The pope actually literally worshipped that statue on at least one occasion at the opening ceremony of the synod on the Amazon- although there's no documentation that he's done so since then, he has defended having done so.

Well, I guess you can't prove what he was thinking/intending. But prostrating before a statue of a fertility goddess while offerings are being made to it fits most definitions of worship.

I think having the fertility statues present on the church grounds is odd but to suggest their presence is evidence that the pope worships them is a huge stretch to me.

Ironically, you would think that Catholics would not lump these two together, given how often they get accused of idolatry towards saints and icons of saints. I mean maybe the pope is in fact worshipping some pagan gods, IDK his heart. But if anyone should be expected to have a nuanced distinction between "having a representation of a thing" and "worshipping the thing", it should be Catholics.

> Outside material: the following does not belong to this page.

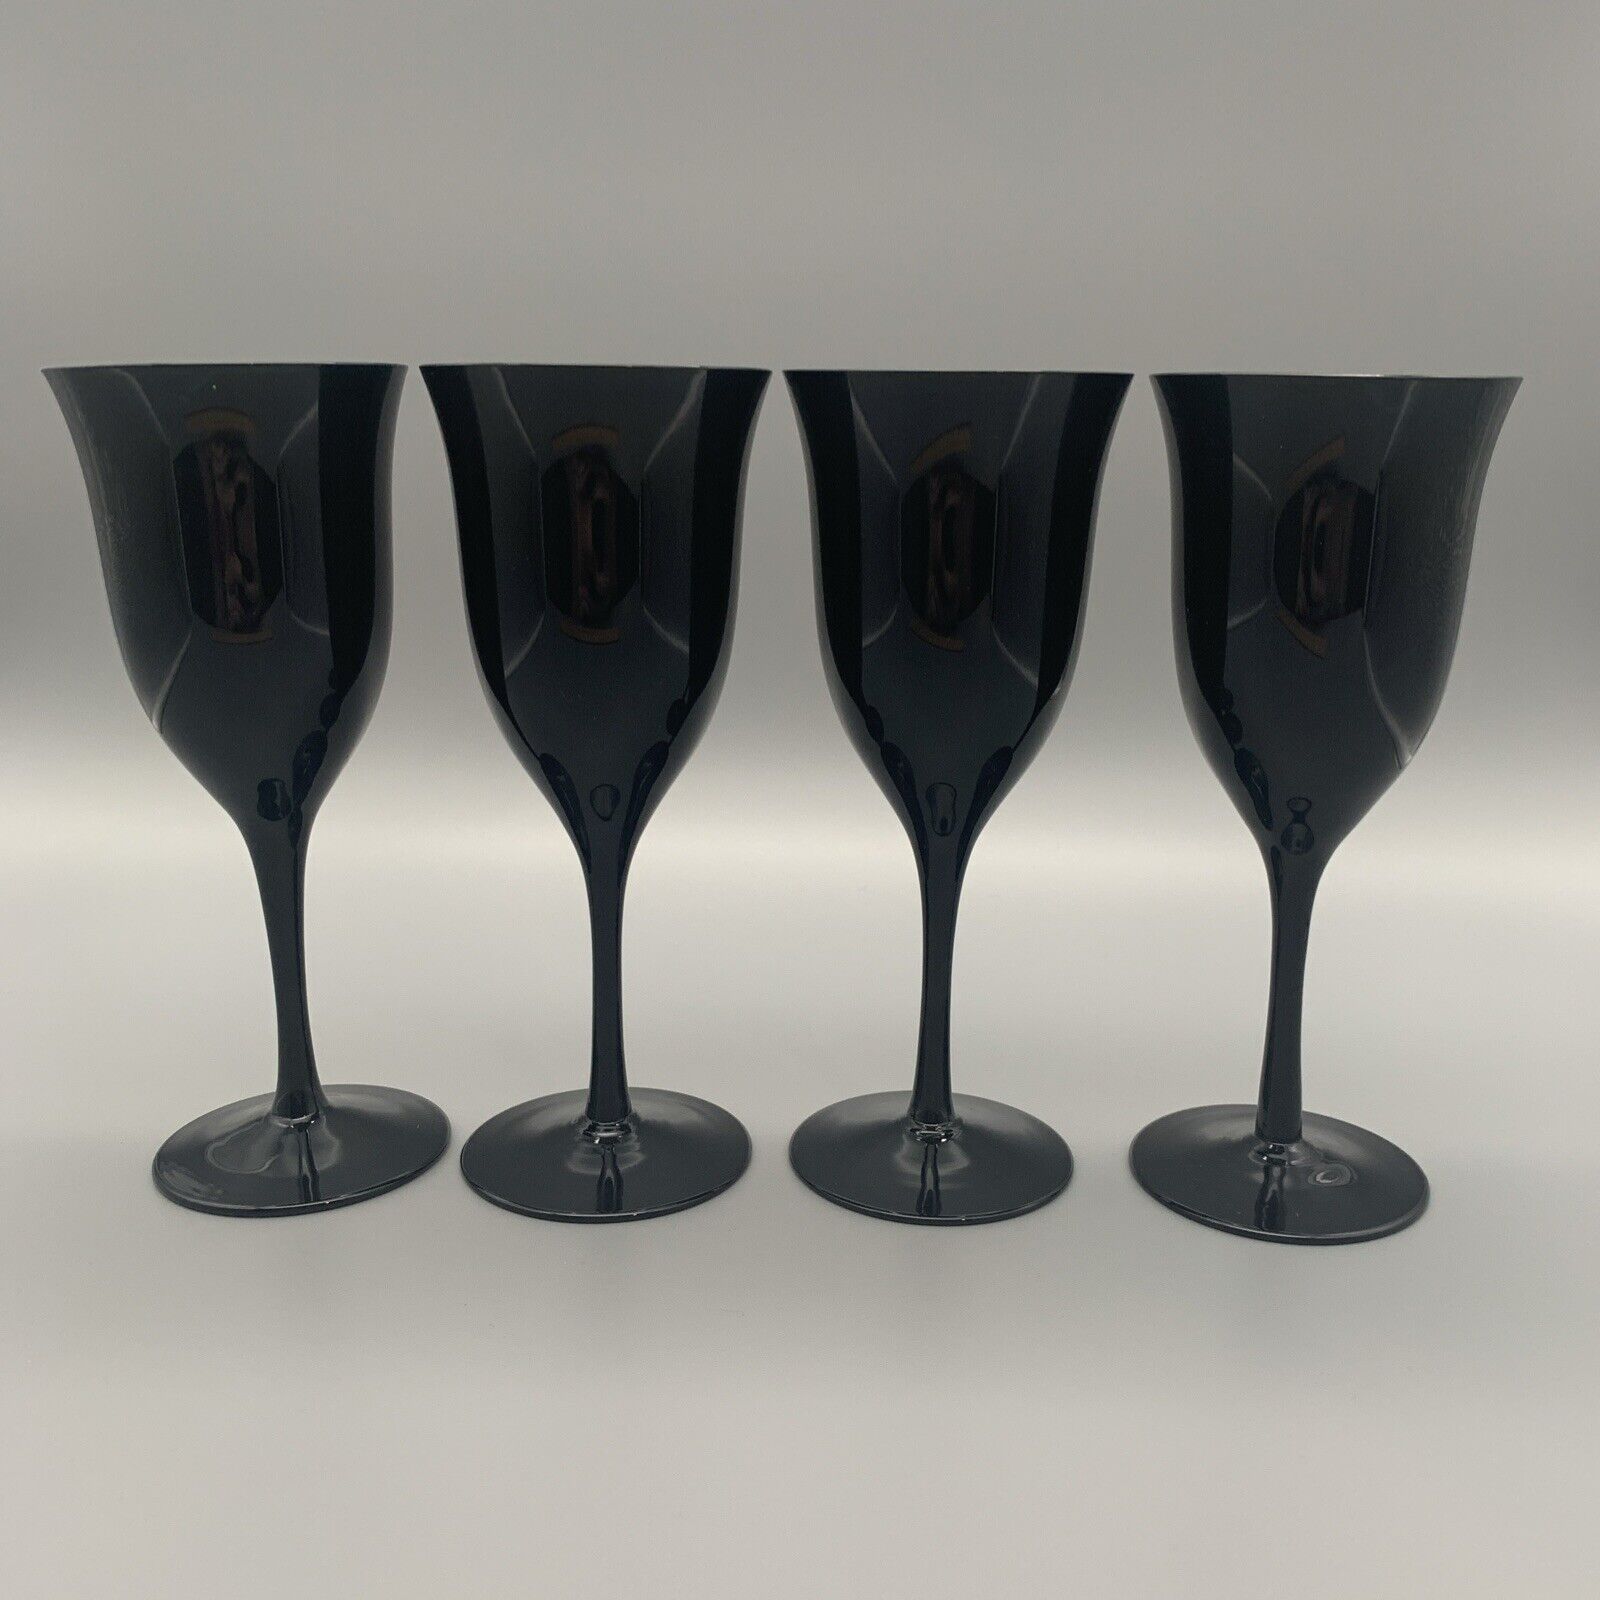 Vintage Carico Lead Crystal Wine Glasses Set Of 4 Black Mystique Tivoli 7.25”

Ironically, you would think that Catholics would not lump these two together, given how often they get accused of idolatry towards saints and icons of saints.

Isn't how often they get accused of idolatry increasing the likelihood of other forms of idolatry in other forms?

Nah. That angle would make sense if it was Protestants criticizing the pope for this - a Protestant might say "he already practices idolatry towards the saints, it's hardly a surprise if he starts worshipping a pagan goddess too".

But we're talking criticism from Catholics. From their perspective, the accusations of idolatry are baseless, because they know that they aren't worshipping saints just because they have some icon representing a saint. So from that perspective, they should know damn well that if the pope has some pagan statue around, it doesn't therefore mean he's worshipping it.